Olha só como o mundo dá voltas. O ex-diretor da Polícia Rodoviária Federal, Silvinei Vasques, foi preso pela Polícia Federal nesta sexta-feira. A captura aconteceu no Paraguai, quando ele tentava embarcar para El Salvador usando um passaporte que não era dele. A situação já tinha começado a esquentar no Natal, quando ele decidiu fugir do país.
Por volta das oito da noite, a polícia paraguaia o levou até a fronteira com o Brasil. A entrega aos agentes federais aconteceu na Ponte da Amizade, a famosa ligação entre Foz do Iguaçu e Ciudad del Leste. Agora, o caminho dele é Brasília, onde deve responder por seus atos nas próximas horas.
Tudo isso aconteceu porque Vasques estava em prisão domiciliar, condenado a mais de 24 anos de prisão. A sentença está ligada a investigações sobre atos golpistas. Ele usava uma tornozeleira eletrônica, mas na madrugada de Natal o sinal do dispositivo simplesmente sumiu. Foi o pulo do gato para ele desaparecer.
A fuga planejada
Os agentes da Polícia Federal foram acionados quando o monitoramento parou de funcionar. O sinal da tornozeleira cessou por volta das três da manhã do dia 25. Imediatamente, uma equipe foi direto para o apartamento do ex-diretor, localizado em São José, em Santa Catarina. O lugar estava vazio.
A investigação correu para as câmeras de segurança do prédio. As imagens foram cruciais. Elas mostraram que Vasques ainda estava no apartamento até as sete e vinte e dois da noite da véspera de Natal. Dava tempo de sobra para preparar a saída sem levantar suspeitas imediatas.
Os vídeos revelaram os detalhes da fuga. Ele foi visto colocando bolsas no porta-malas de um carro. Estava com uma calça de moletom preta, camiseta cinza e um boné escuro. Mas não foi só isso: ele também levou seu cachorro, um Pitbull, junto com ração e tapetes higiênicos. Um planejamento que incluía até o bicho de estimação.
A captura no exterior
Com a confirmação da fuga, o ministro Alexandre de Moraes, do Supremo Tribunal Federal, deu ordem de prisão preventiva. A partir daí, a busca se tornou internacional. As autoridades brasileiras trabalharam em conjunto com a polícia paraguaia para localizá-lo. A fronteira é sempre um ponto de atenção.

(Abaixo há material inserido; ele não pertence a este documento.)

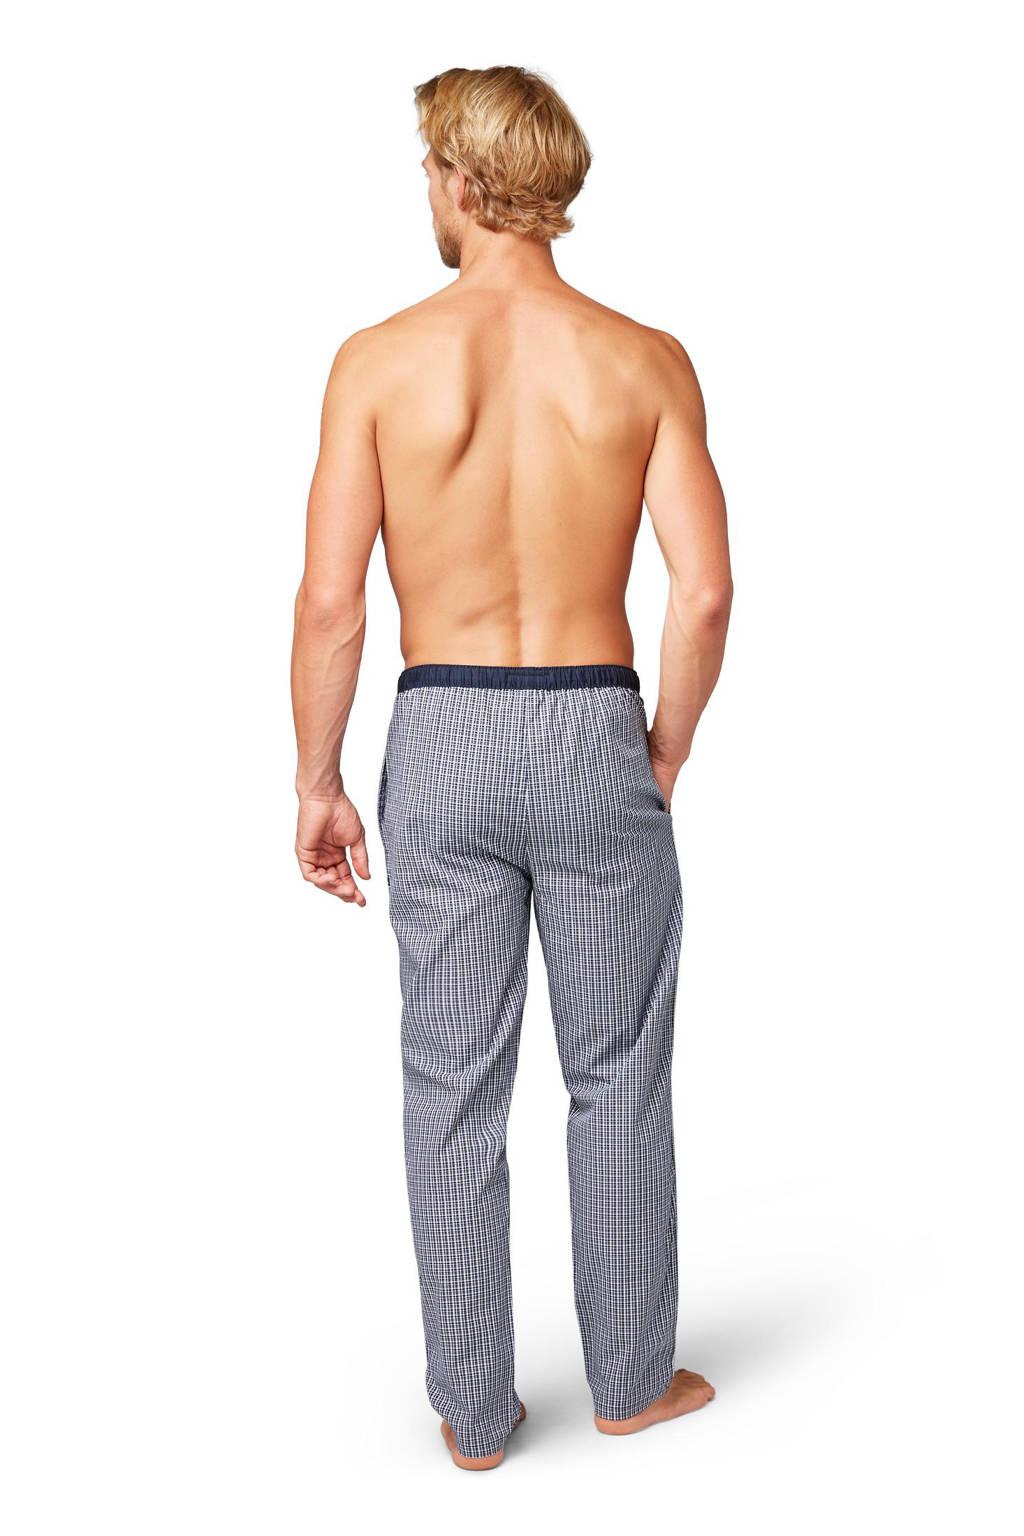 Tom Tailor geruite pyjamabroek donkerblauw/wit, Donkerblauw

A tentativa de embarcar para El Salvador com documento falso foi o erro que o entregou. No Paraguai, as autoridades locais o identificaram e prenderam. A operação de repatriação foi rápida. Ele foi conduzido até a ponte que simboliza a ligação entre os dois países para ser entregue à PF.
Esse tipo de ação mostra a cooperação entre as forças de segurança de nações vizinhas. A prisão na Ponte da Amizade encerrou uma busca que mobilizou agentes. Agora, o ex-diretor aguarda os próximos passos da Justiça longe da liberdade.
O contexto da condenação
A pena de 24 anos e seis meses de prisão não é pequena. Ela foi aplicada no chamado Núcleo 2 das investigações sobre atos golpistas. A Justiça considerou as provas e chegou a essa sentença. A prisão domiciliar era uma etapa do processo, mas foi violada.
Romper a tornozeleira e cruzar a fronteira configura uma série de novos crimes. Fugir para evitar o cumprimento da pena agrava a situação legal de qualquer pessoa. As consequências jurídicas dessa atitude serão somadas ao que ele já enfrentava.
Tudo sobre o Brasil e o mundo mostra que a lei precisa seguir seu curso. A prisão de Vasques encerra um capítulo de incerteza, mas abre outro sobre a aplicação da Justiça. A sociedade acompanha para ver como casos como esse são finalizados.